From such a stance, it's easier for me to understand how various articulations of karma can seem (or can even be adopted by those who perceive it so) to be pre-rational magical thinking. Do I think that rain falls on my crops because I paid my tithing (or sacrificed my lamb, or gave water to the thirsty, or fasted, or chanted some mantra a thousand times)? No. I don't. But I'm confident that how I perceive the rain or lack of rain, and especially how I choose to respond to the rain or lack of rain will in the future affect my perceptions and thoughts about crops or drought. Also, I'm reasonably confident that I can trace my perceptions of and reactions to the crops or the drought by finding mind-events in the past that have conditioned those perceptions and reactions.

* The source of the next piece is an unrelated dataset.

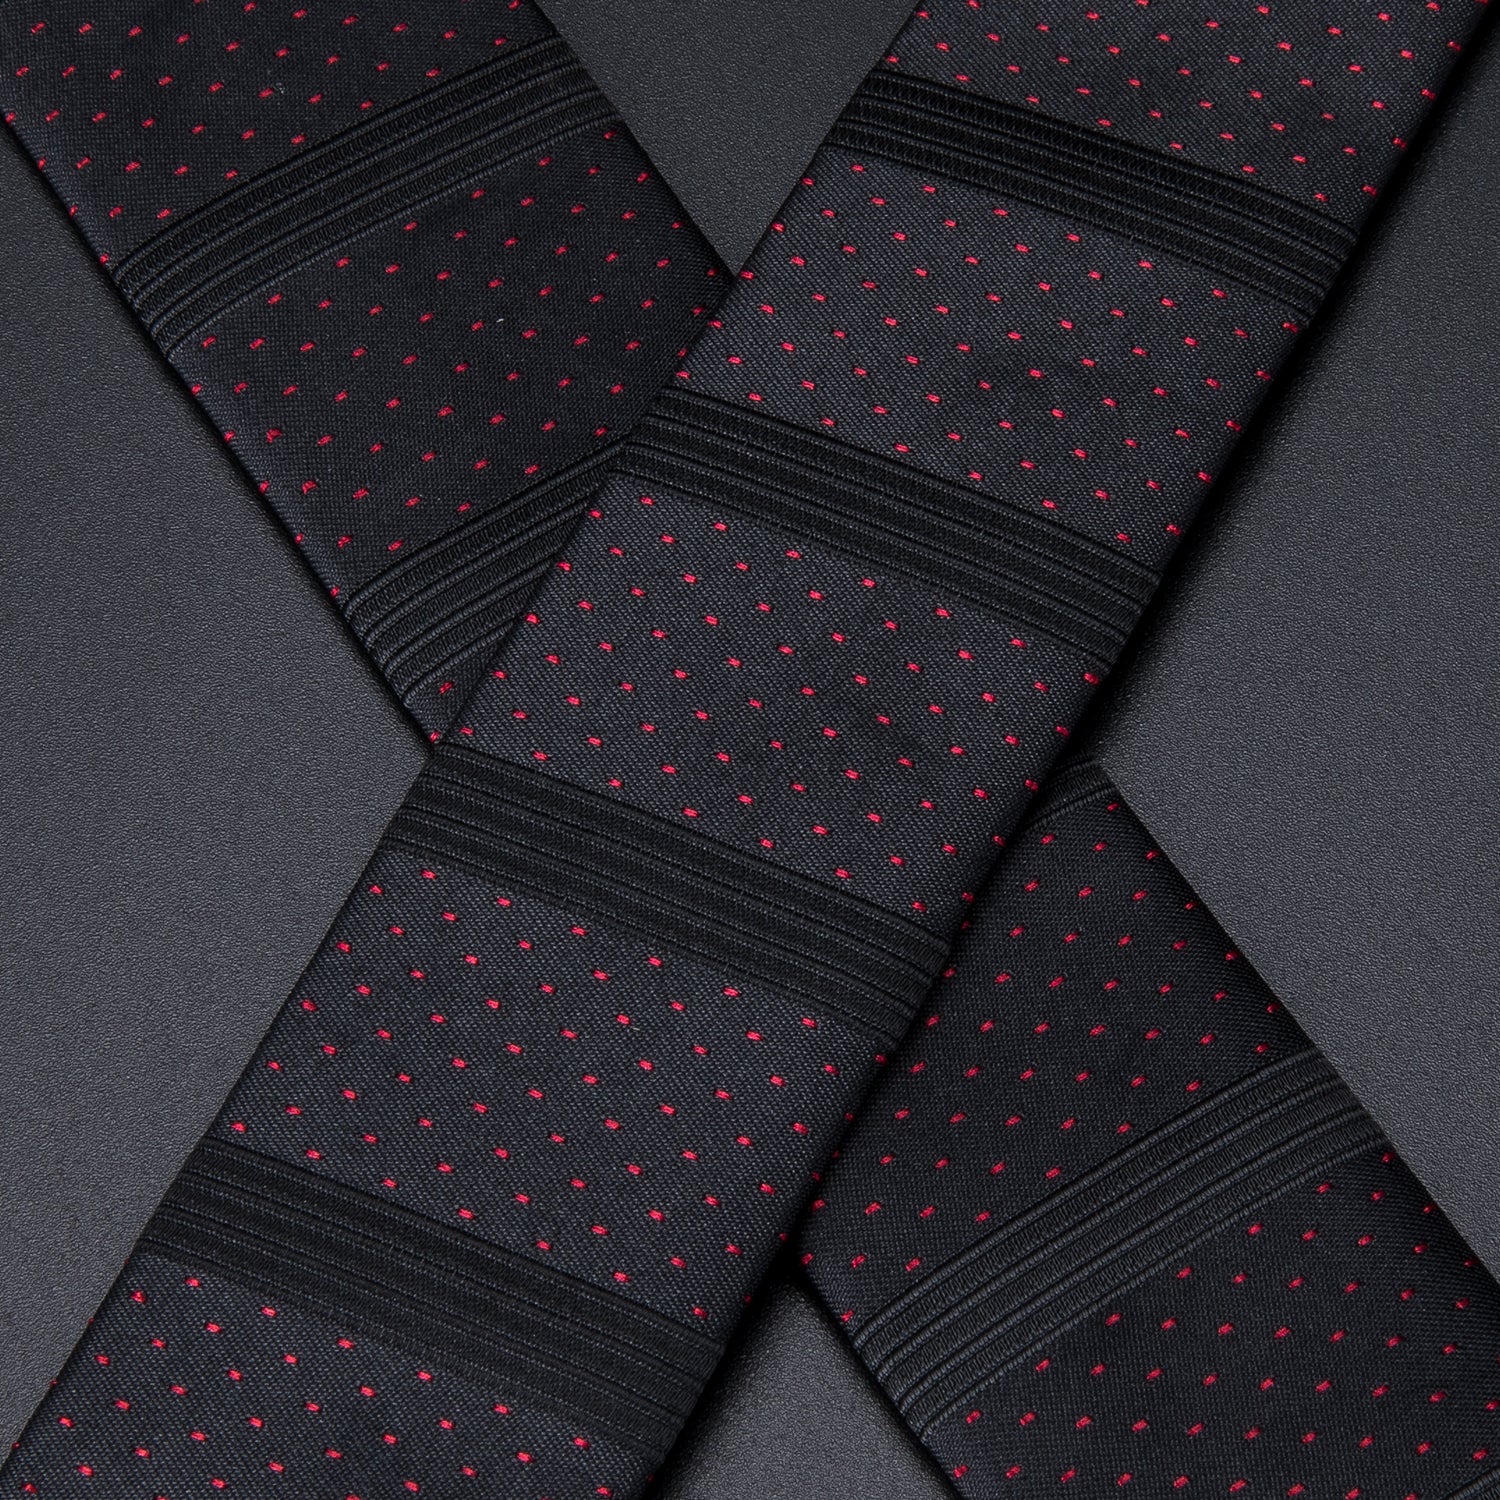 Red Dots Solid Black Suspender Bow Tie Handkerchief Cufflinks Set

Finally, in this discussion, it may be helpful to make clear that my notion of "self" is not limited to the space inside my skin, especially when it comes to considering karma. An event inside my tiny little mind is as much an event of the Earth or the Cosmos as it is of the neural pathways in my brain. Modern science has done a wonderful job of helping us perceive some aspects of karma -- of how our actions affect the world around us and inside us -- but there are yet many ways that we affect the world that we haven't figured out, yet. So while I don't think it rains on my crops because I did something good previously, I'm interested in understanding more about how my actions -- even those we usually think of as "just mental actions" -- may affect the world outside my skin.

Thoughts?

Tuesday, February 13, 2007

Not Trying

Today: the counterpose to yesterday's thought

Yoda:

Do or do not. There is no try.
Last Saturday, a teacher called Handstand, saw the class full of non-handstands, and stopped to teach us a mechanical point: to move into handstand, the starting point is to draw the navel toward the spine, and then, from there, to draw the abdominal muscles up toward, and into the space of the rib cage. In yoga-speak, this abdominal maneuver is called "uddiyana bandha." I didn't have the shoulder stamina left at the time to really commit to handstand, but I tried the abdominal lock and made a half-hearted attempt to move into handstand. As with any half-hearted effort, I didn't move into handstand. But I did feel a completely unexpected stability that I had never imagined.

So this morning, I thought I'd better give the new approach to handstand a try (as tomorrow I get more shoulder surgery, and any effort at handstand will be out of bounds for a while). I positioned my hands about 20" from the wall, and I tried to engage uddiyana bandha. And my mind freaked on me. I got nervous. Worried. Unclear. Weird. I couldn't bring myself to repeat the structure of the pose that I perceived on Saturday. So I flipped up into my usual version of Handstand, that relies on the wall to keep me from flipping all the way over.

In meditation following practice, I found my mind moving into ego thoughts -- "what I do makes me a model yogi"; "I'm a good father"; "I'm trying Handstand -- that's a good thing, even if I don't do it right"; the posts I make on line are pretty good." I, I, I, I, I, I, I, I, I. All projection and aspiration. No doing or not doing. Maybe I'm getting Yoda's point, after all.